Could you repeat the entries below exactly, but only from the line with "Ziddi Bhojpuri Film Poster" through the line with "Make Patrón's Salt of the Earth cocktail", and without any picture?

## Data for processing
↓

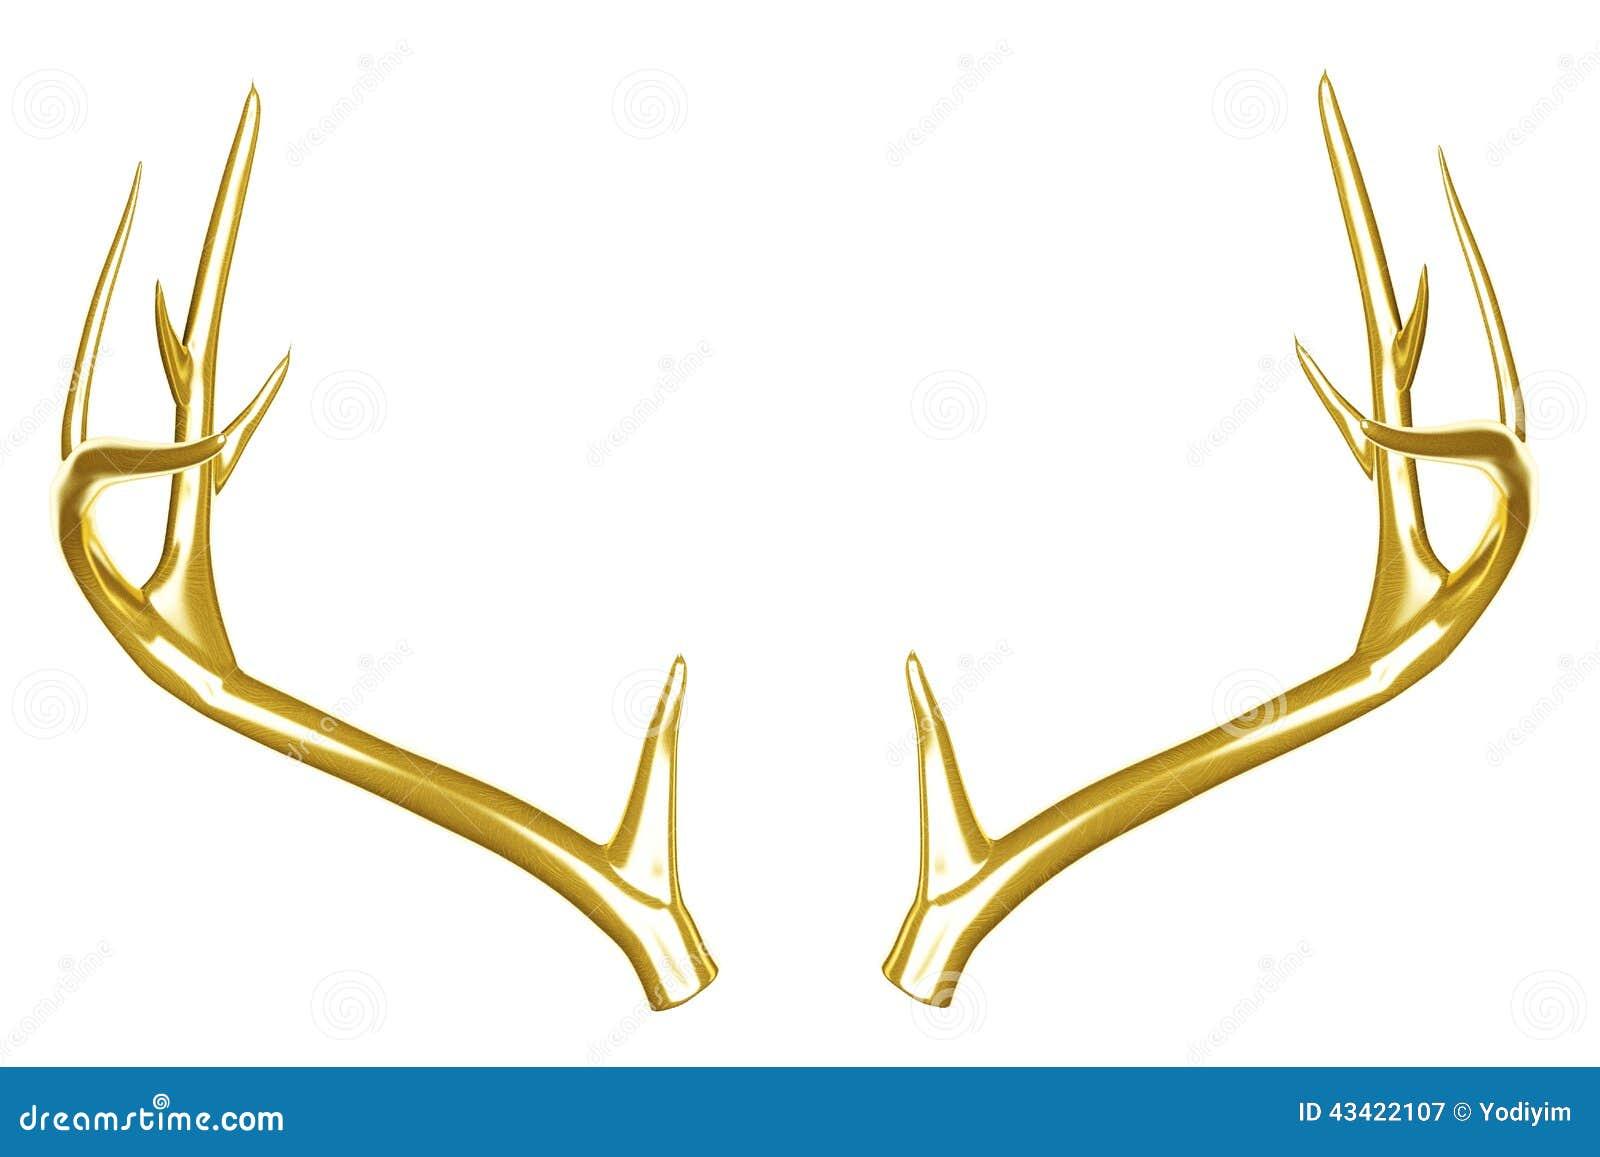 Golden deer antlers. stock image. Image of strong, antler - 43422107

↑
↓

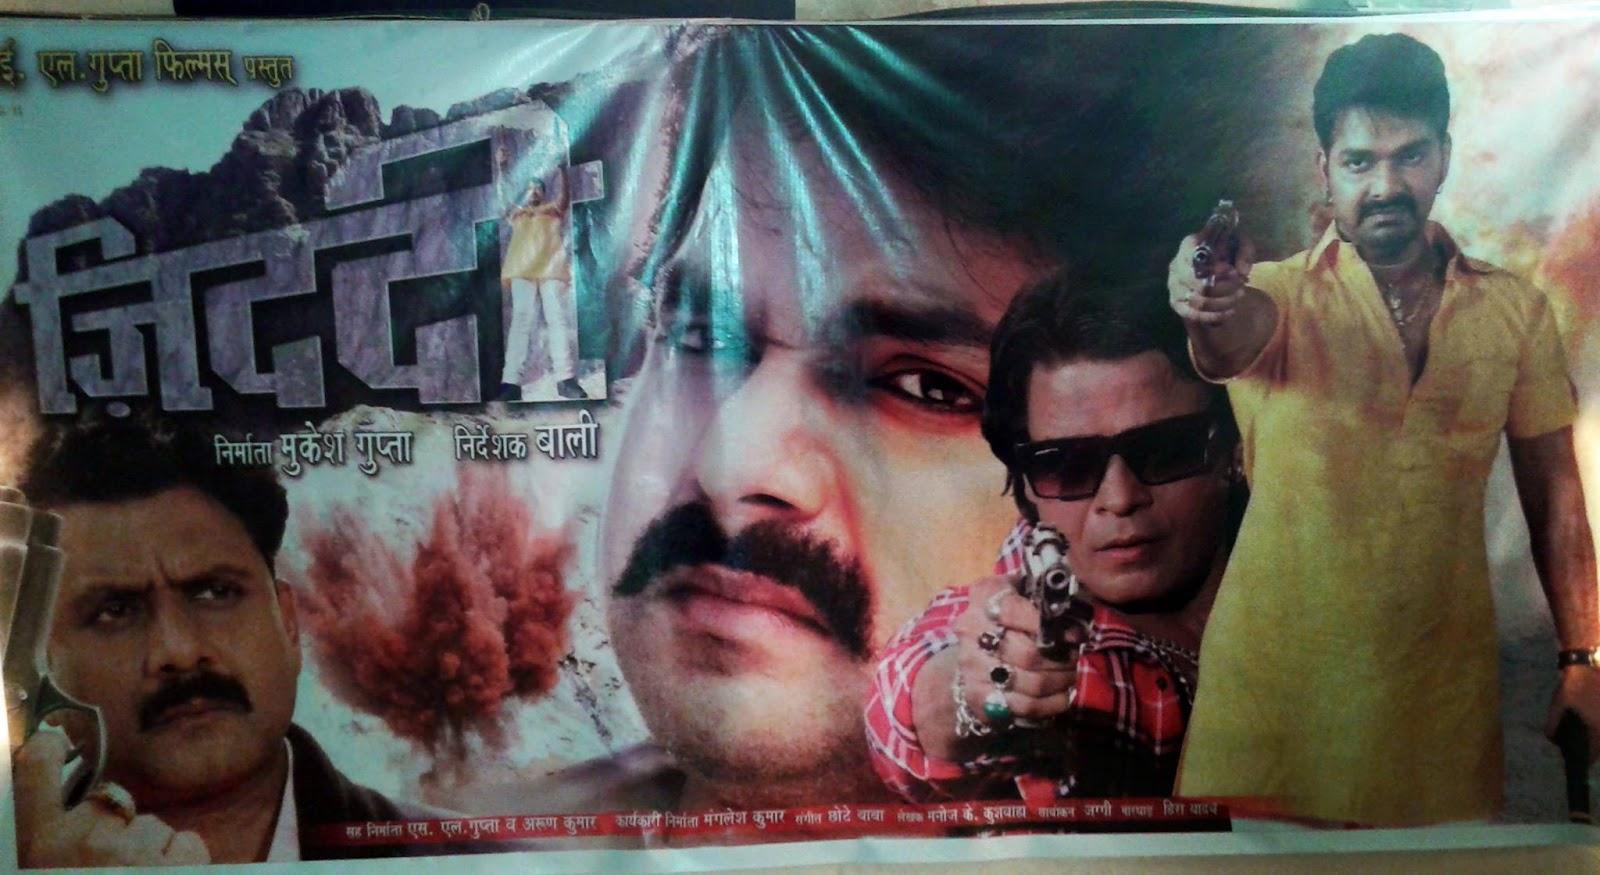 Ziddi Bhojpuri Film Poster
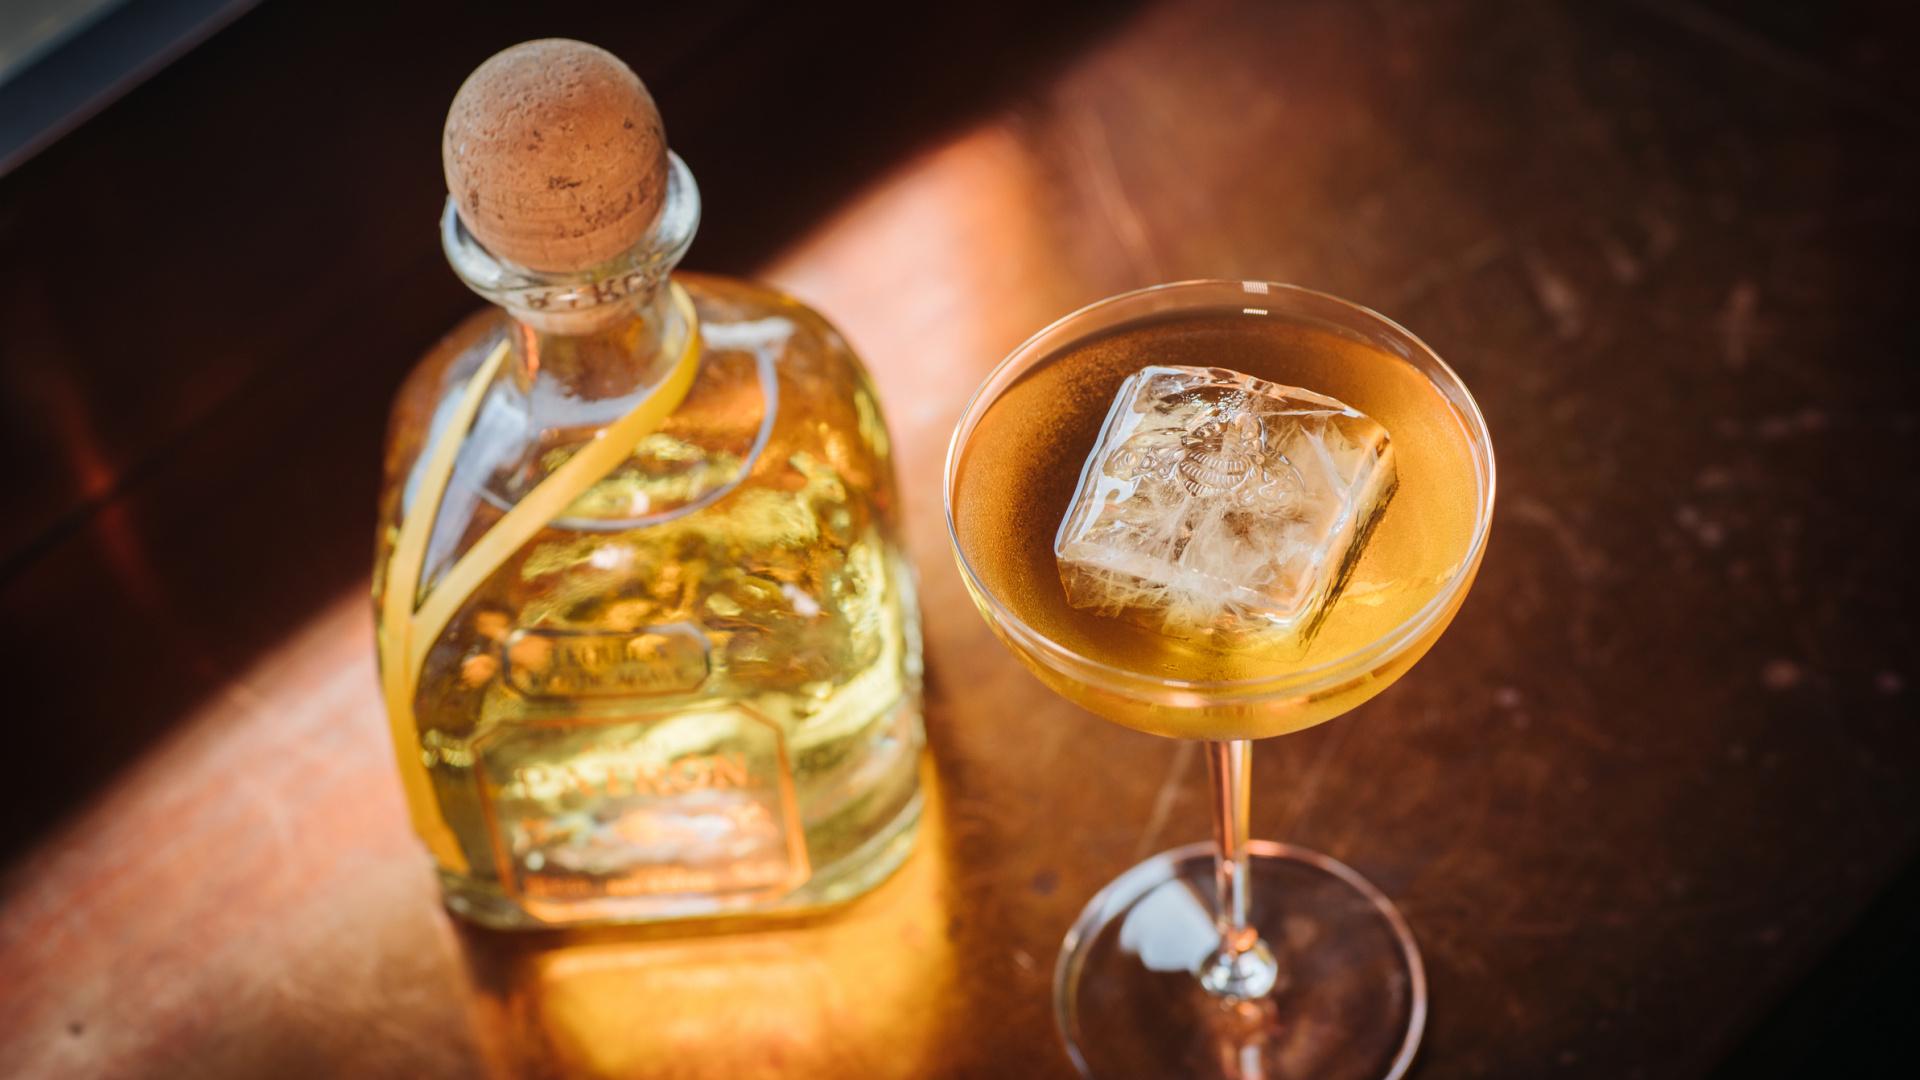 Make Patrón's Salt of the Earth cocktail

↑

## Answer box
 Ziddi Bhojpuri Film Poster
 Make Patrón's Salt of the Earth cocktail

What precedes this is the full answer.